Washington, US – World Bank has revealed that lowering the tax bracket for Personal Income Tax (PIT) in Maldives can increase the national PIT collections by fivefold.
“Maldives Public Expenditure Review : Restoring Fiscal Health” report released by the World Bank stated that their simulations indicate that halving the threshold to MVR 300,000 (US$19,480), for example, would increase PIT collections fivefold to US$28 million annually, equivalent to 0.5 percent of 2019 GDP. Reducing the threshold would increase the tax base, result in more revenues, and make the tax system more progressive.
World Bank has also recommended to introduce a more presumptive regime for businesses below the GST threshold. The organization stated that at present, many small businesses do not pay business profit taxes as they generate below MVR 500,000 (US$32,467) annually and that a uniform presumptive tax, for example at a rate of 2 or 3 percent of turnover, for these businesses would generate additional revenues of 0.2 percent of GDP, reduce compliance burdens, and lower administrative costs.
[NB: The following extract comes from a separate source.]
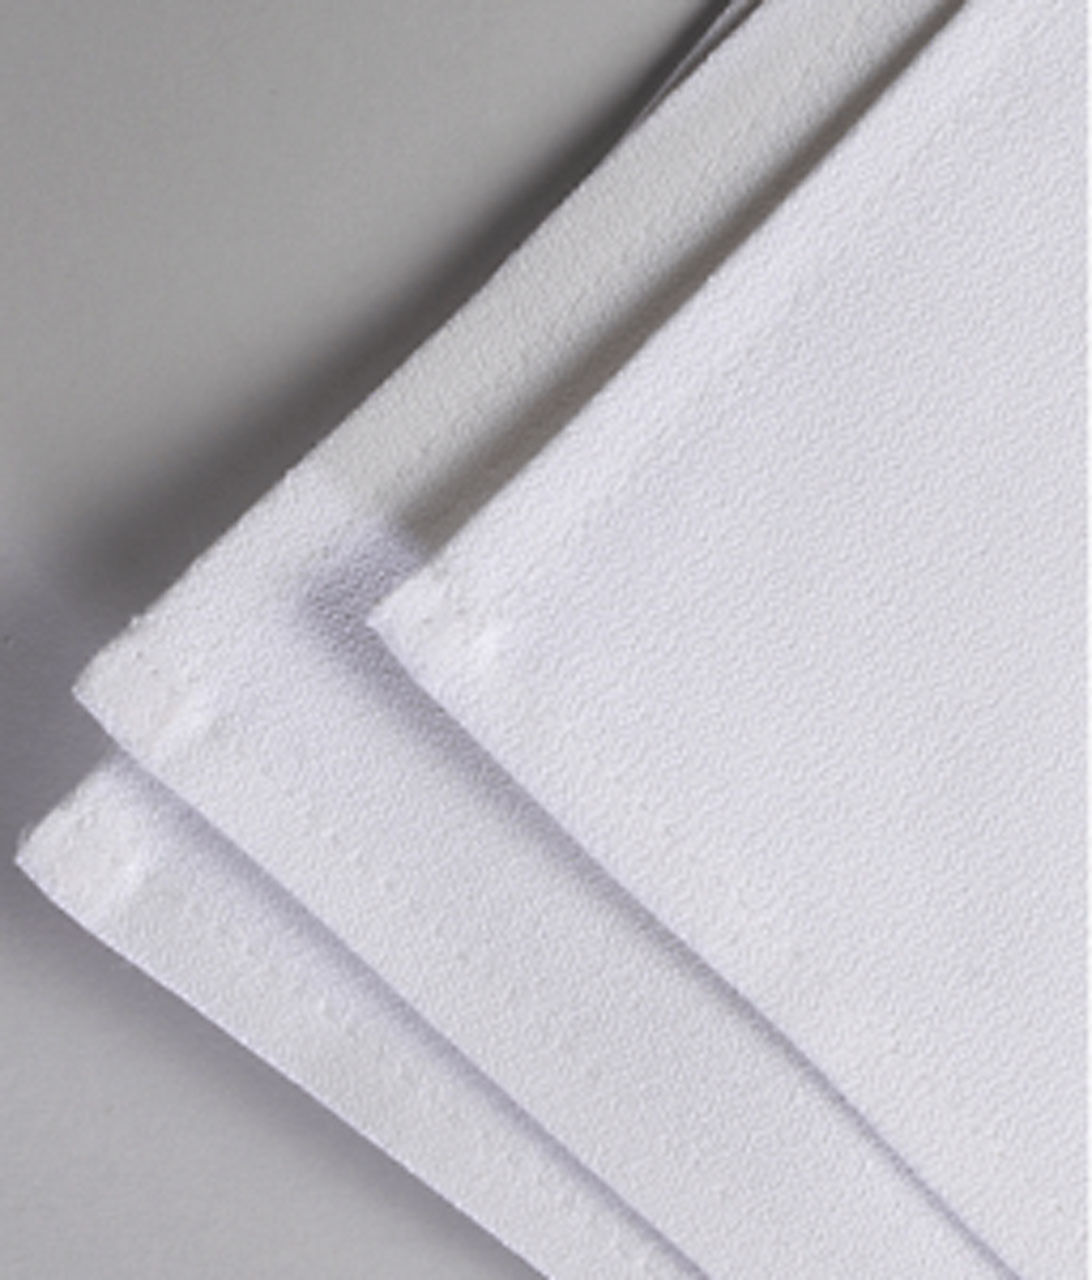 Do cheap cloth napkins bulk like Cotton Momie launder well?

Maximizing revenue potential will require parallel investments in tax morale and tax equity. The success of revenue reforms will be heavily dependent on political support. Tax reforms only yield their revenue potential if, besides effective enforcement and facilitation measures, taxpayers have “nonpecuniary motivations for tax compliance”.Maldives Public Expenditure Review : Restoring Fiscal Health – World Bank
World Bank also stated that whether Maldives can successfully raise revenues depends on how well citizens believe their taxes are being spent, whether they feel they are treated fairly by tax officials, how well tax laws and decisions are communicated, and how equitable the tax system is.
These dimensions of reciprocity, fairness, equity, and accountability will need to be central in the Maldives Inland Revenue Authority’s (MIRA) compliance strategies to help build trust in the tax system and expand the domestic tax base.